**RECORDED DATA**.

☆ ☆ ☆ ☆

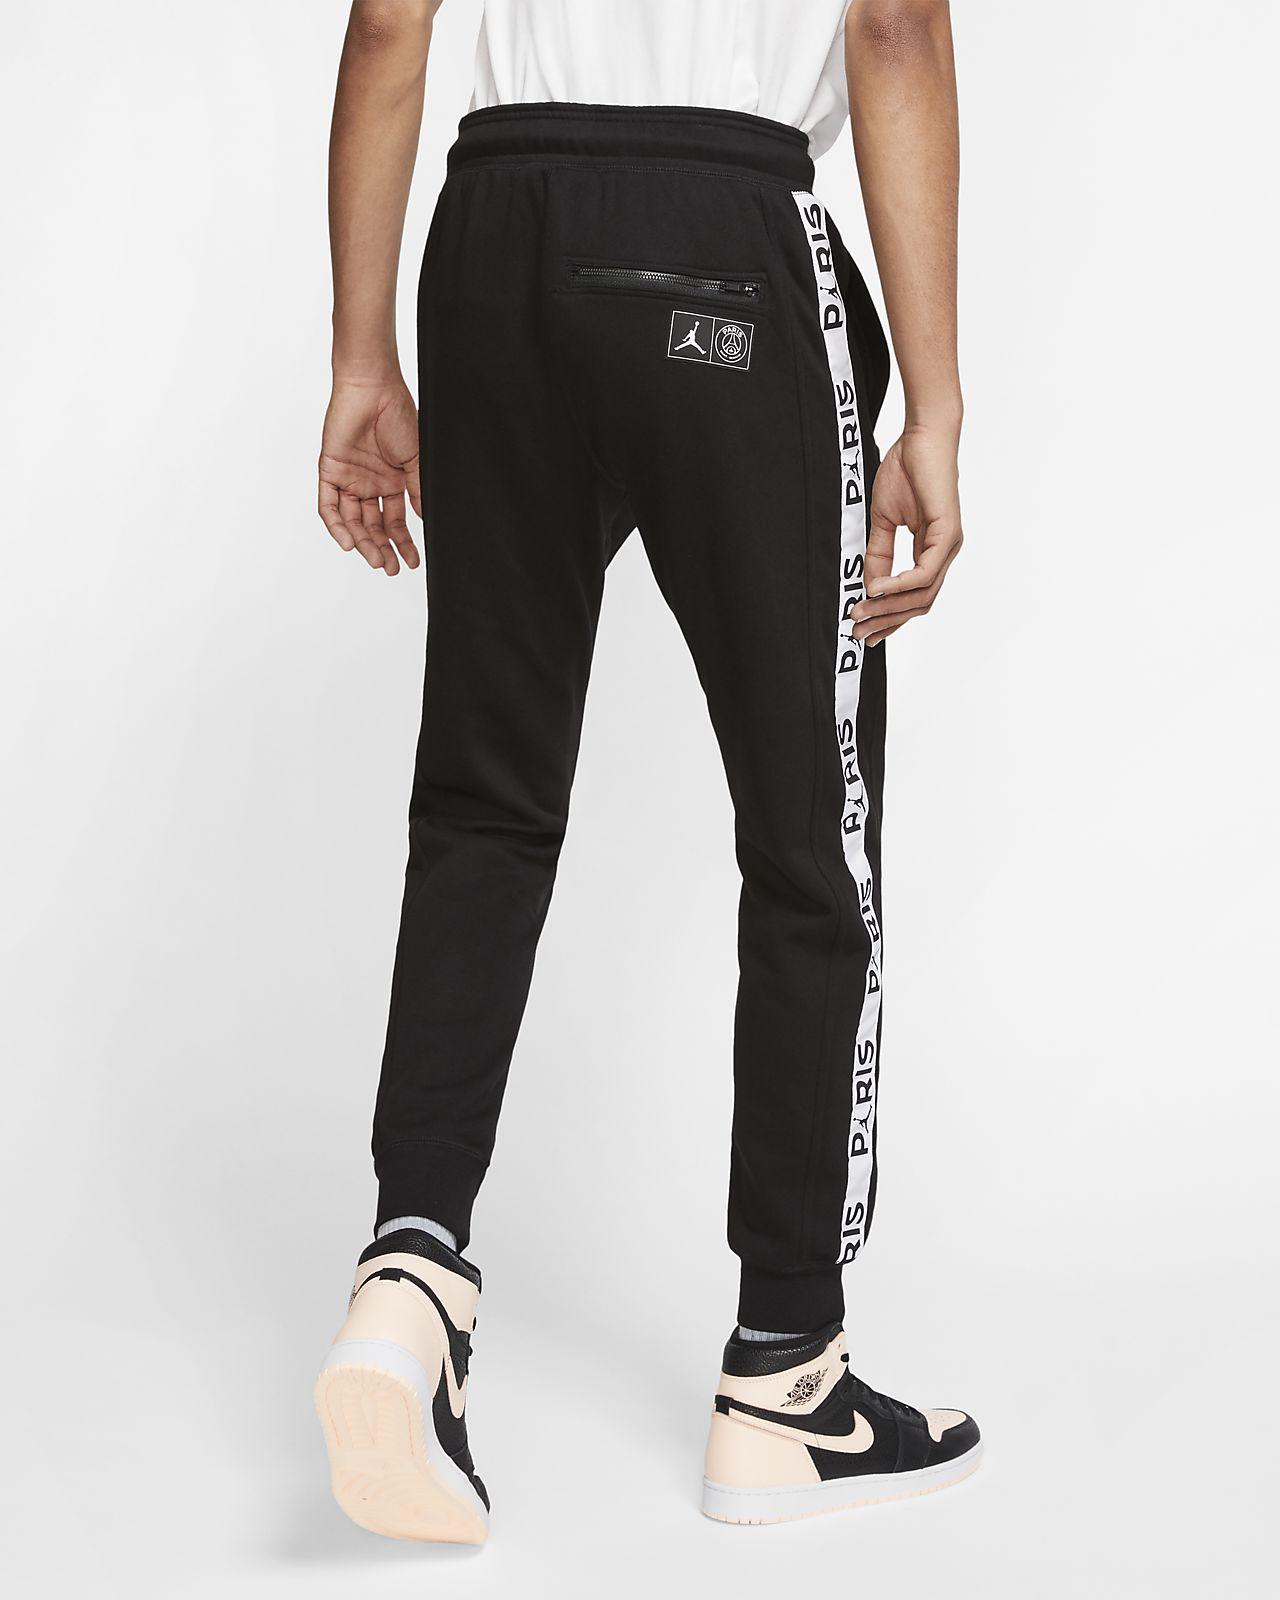 Pantalon en tissu Fleece Paris Saint Germain
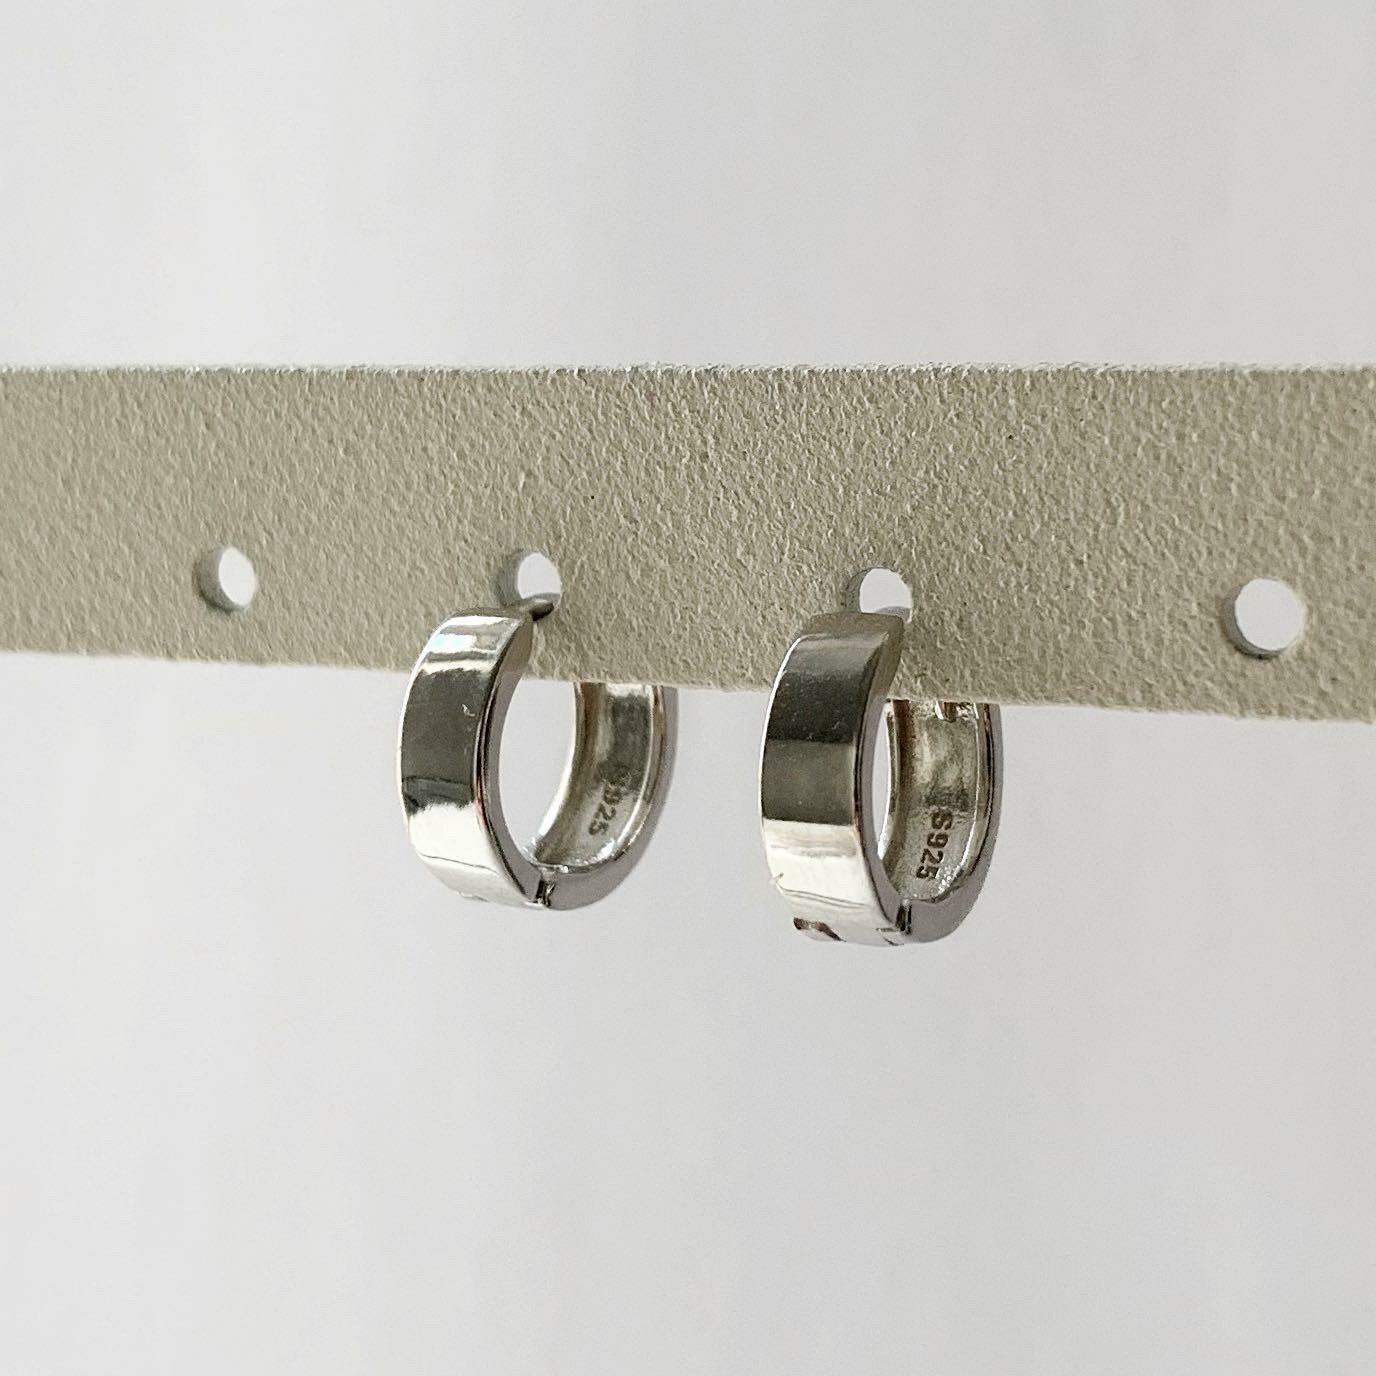 Slippery oorringetjes 925 sterling zilver 10 mm
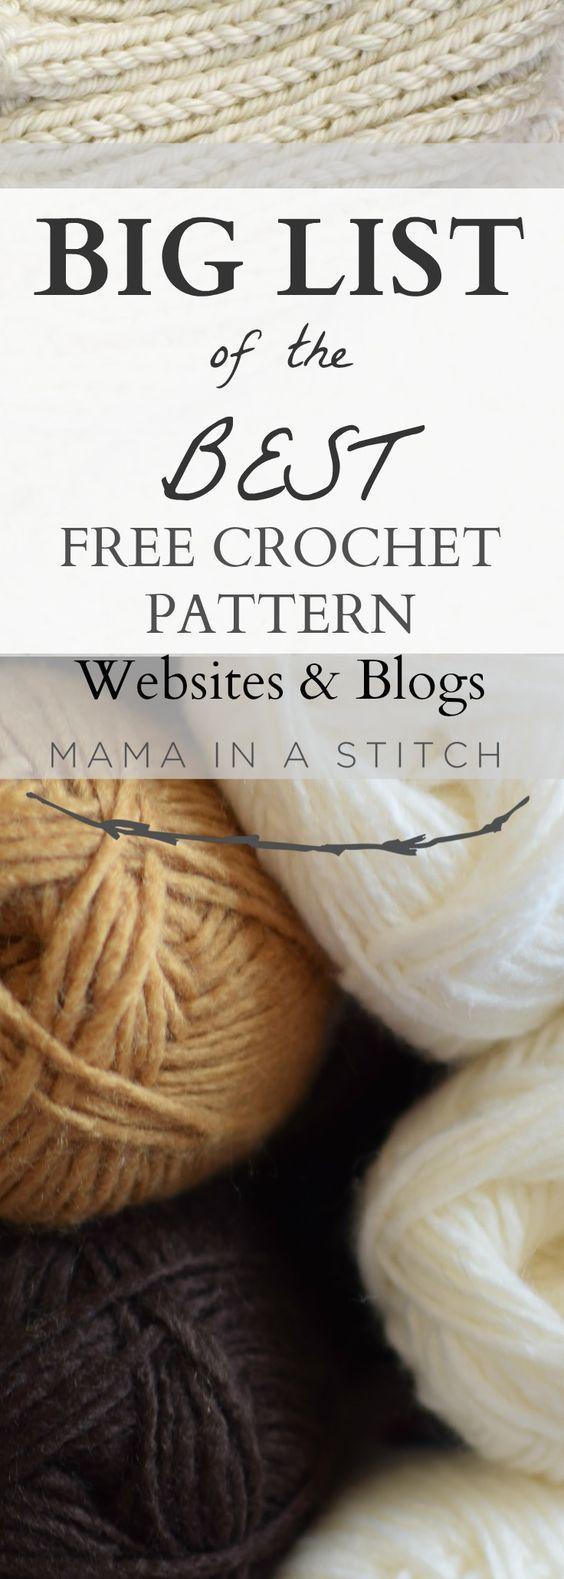 Pin de Billie Otero en crochet patterns | Pinterest | Ganchillo ...

☆ ☆ ☆ ☆

**WHAT THE TASK ASKS**.
Inclusive range, exact copy: the line containing "Slippery oorringetjes 925" through the last line of the listing. Print nothing else, and no pictures.

**SOLUTION FOR THIS PROBLEM**.
 Slippery oorringetjes 925 sterling zilver 10 mm
 Pin de Billie Otero en crochet patterns | Pinterest | Ganchillo ...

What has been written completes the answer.